People will not have potable water in their homes and they will not have water 
To flush their toilets.

The sanitation system, which frequently backs-up sewage ankle deep in 
Baghdad neighborhoods when the ailing pumps fail, will now have no pumps at all.
There will be epidemics as water treatment and water pumping will come 
to a halt.  Pregnant women, malnourished children, and the elderly will be 
the first to succumb. UNICEF estimates the excess child mortality in the 
last ten years has been more than 500,000 and that figure will climb steeply in 
the aftermath of another war. They are part of the "collateral damage" from 
the last war.

The health care system of Iraq cannot handle an emergency of this 
nature even if there were not thousands of victims of "collateral damage" as we have
promised a cruise missile every five minutes for the first 48 hours 
seeking out military, intelligence, and security forces around Baghdad, Basra, 
and Mosul, Iraq's largest cities.

Even though it is against the Geneva Conventions to target infrastructure that 
primarily serves civilians, it did not give us pause in the Gulf War and will 
not this time. If the U.S. pursues this war without the backing of 
the U.N. Security Council, it will undermine a half century of efforts by 
the world community to establish a foundation of humanitarian and human 
rights law that guide international behavior.  Such an act would also violate 
the U.N. Charter and make a mockery of the very institution we have helped 
to fashion in the hopes it would help prevent crimes against humanity.  
Many might define the consequences of such an attack on the population of 
Iraq as just that.

There was a lot that made me angry on that trip. I have worked in war 
zones before and I have been with civilians as they were bombed by U.S. 
supplied aircraft, but I don't think I've experienced anything on the magnitude 
of the catastrophe that awaits our attack in Iraq.

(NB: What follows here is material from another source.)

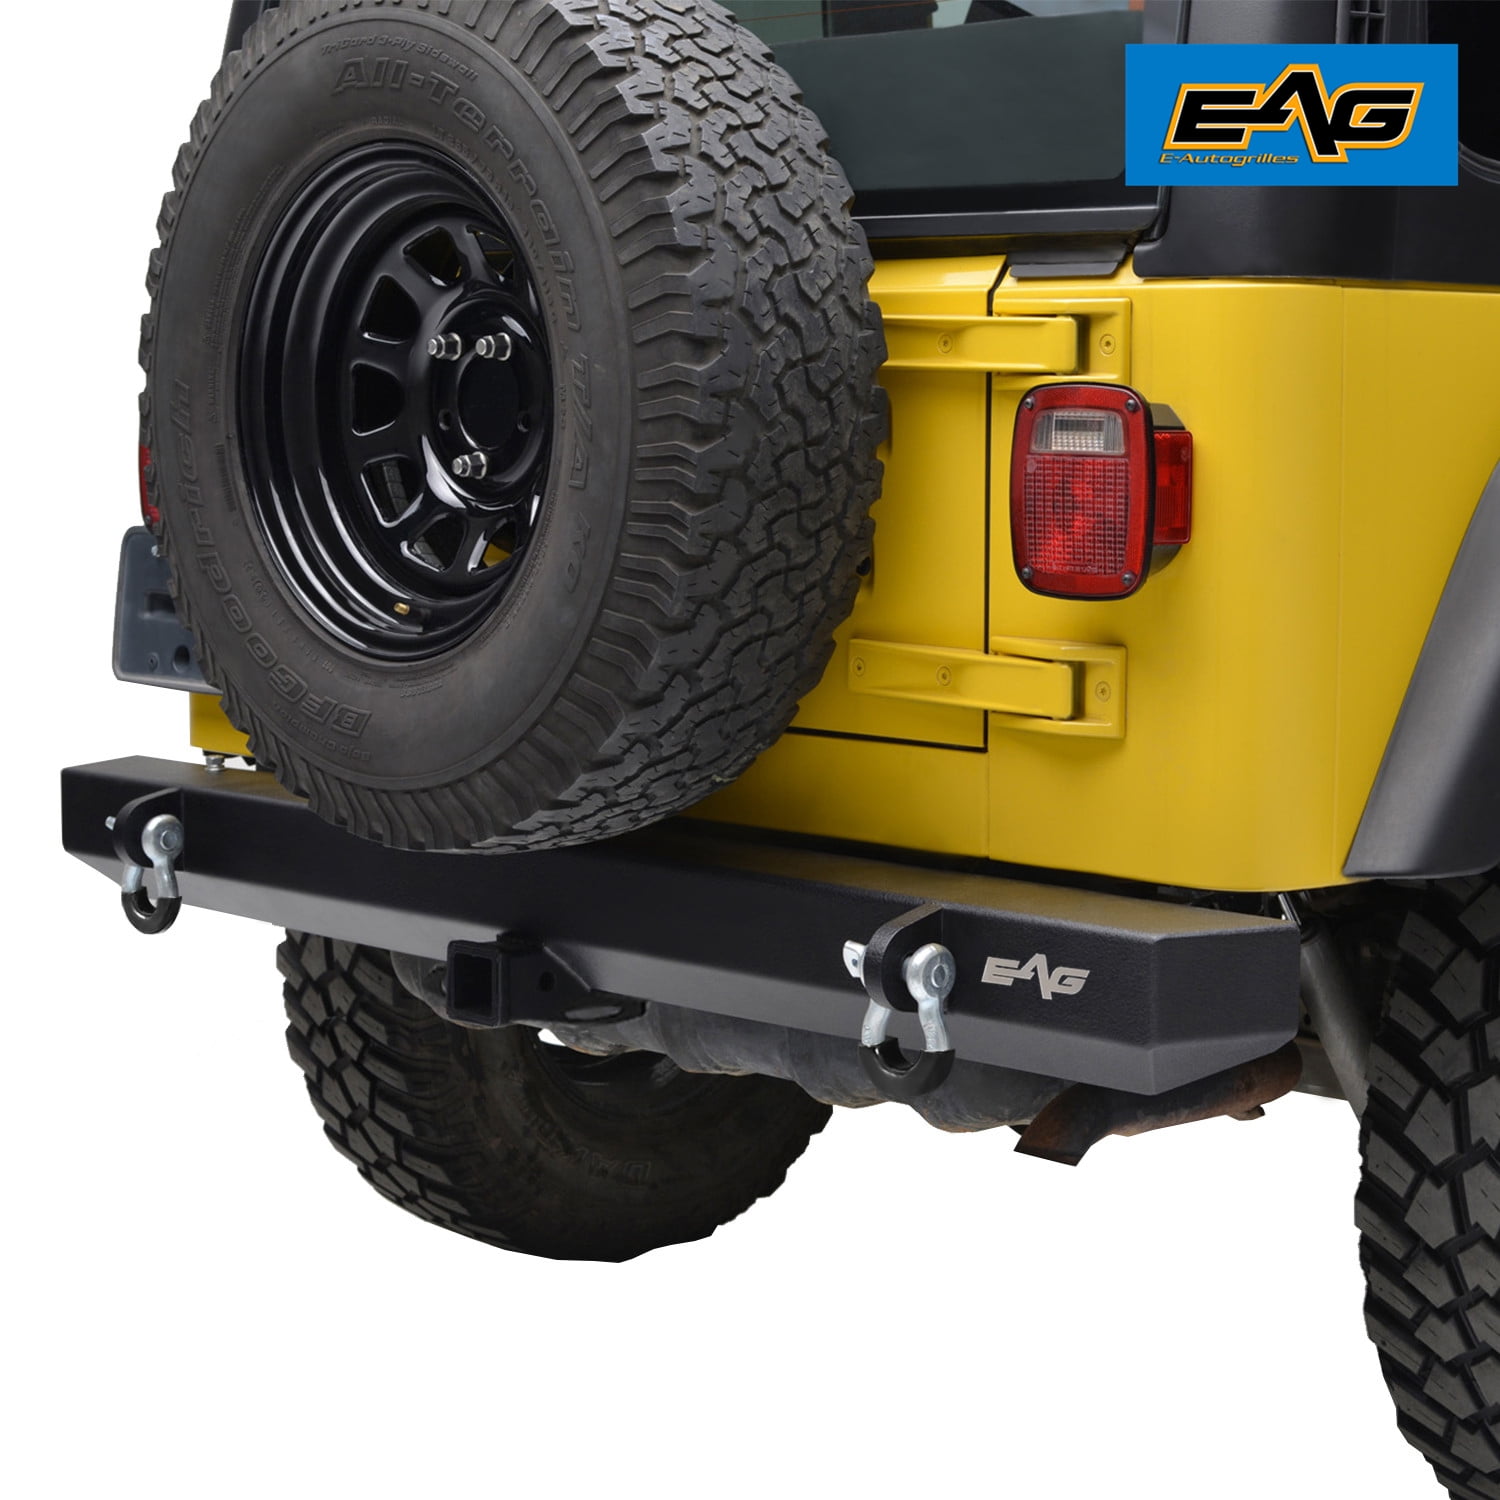 Buy EAG Rear Bumper with 2 Hitch Receiver Off Road = fits 87-06 Jeep  Wrangler YJTJ Online at Lowest Price in Ubuy Nepal. 898489718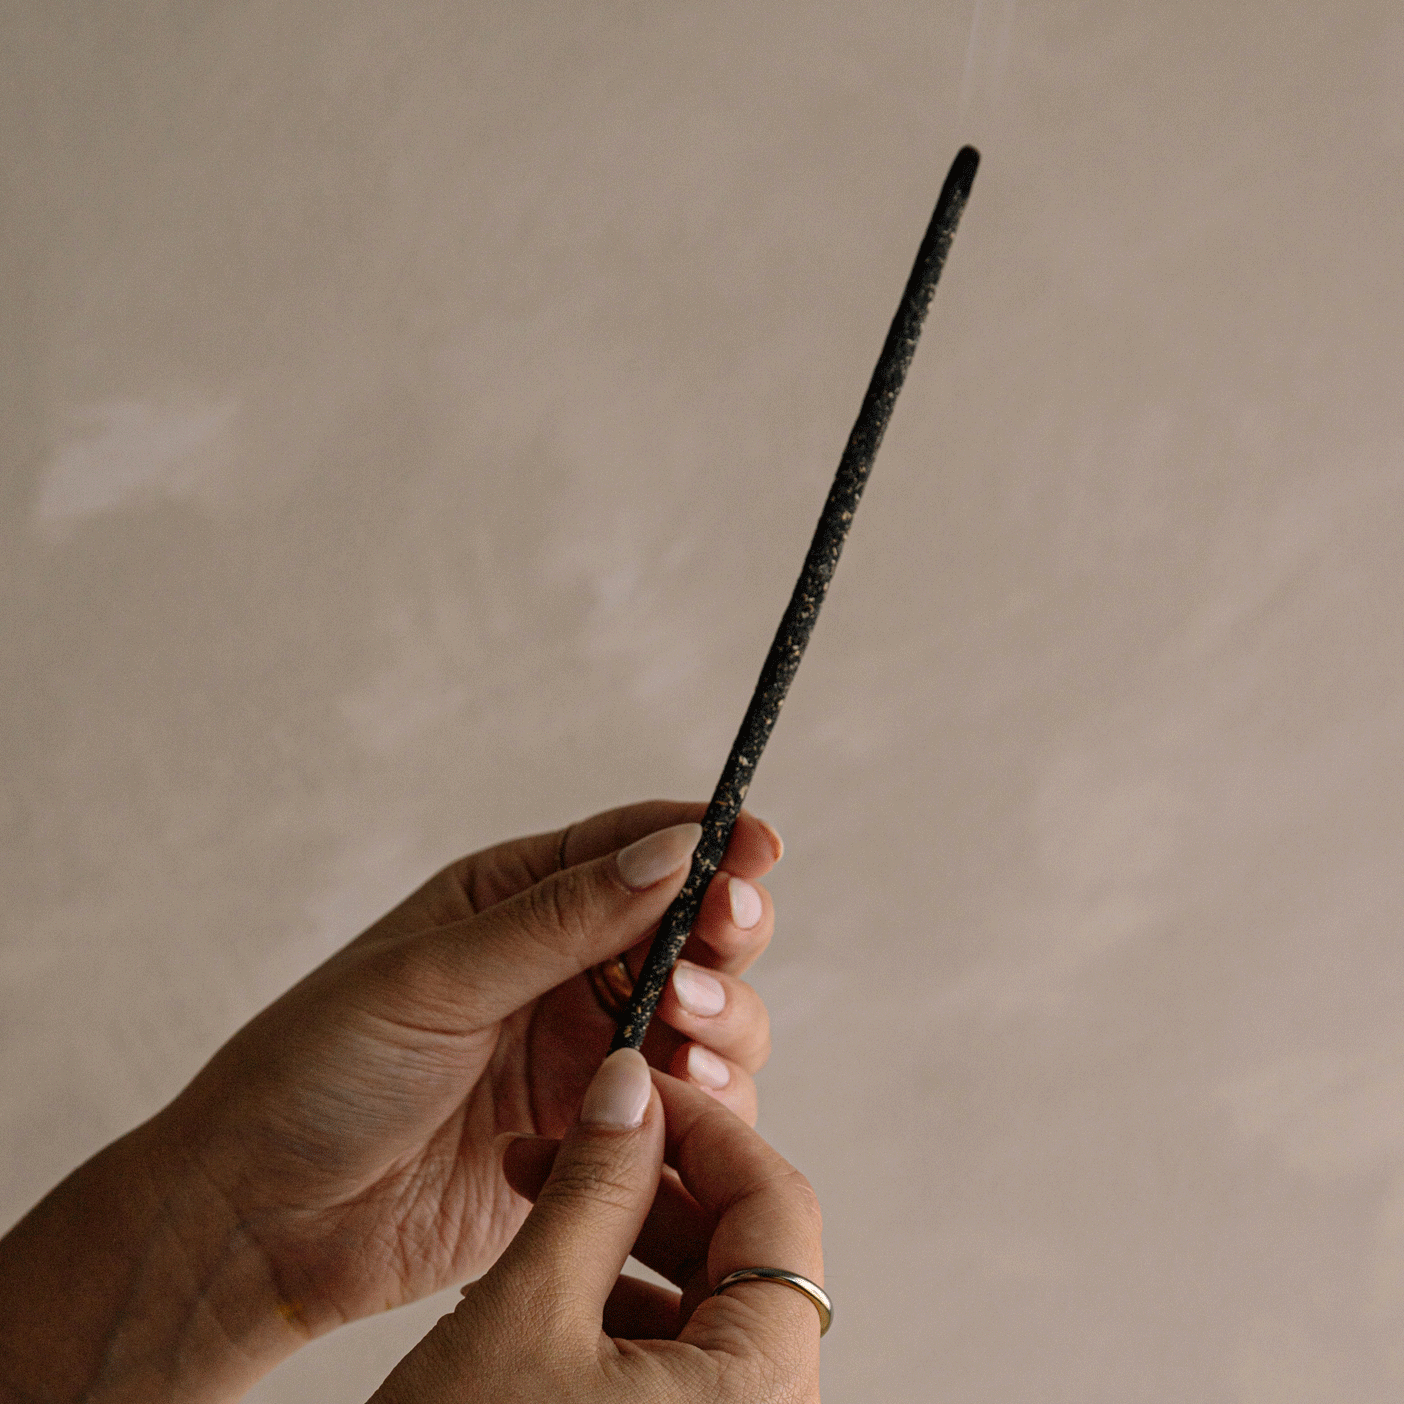 A gif holding while burning incense stick.

I have just described the basics without any of the horror scenarios 
such as the unleashing of weapons of mass destruction, civil war or retribution 
by mobs vying for power or revenge, or house to house fighting as Baghdad
becomes another Mogidishu or Jenin.

Saddam is a monster, there is no doubt about that.  He needs to be 
contained and many former U.N. weapons inspectors feel he has been 'defanged.' His
neighbors do not fear him any longer.  There are many Iraqis who want 
him removed but not by a U.S. war. We may be unleashing forces of hatred and
resentment that will haunt us for decades in every corner of the world. 
  
I can just hear Osama Bin Laden now, "Please President Bush, attack Iraq.
There's nothing better you could do to help the cause of Al Qaida!"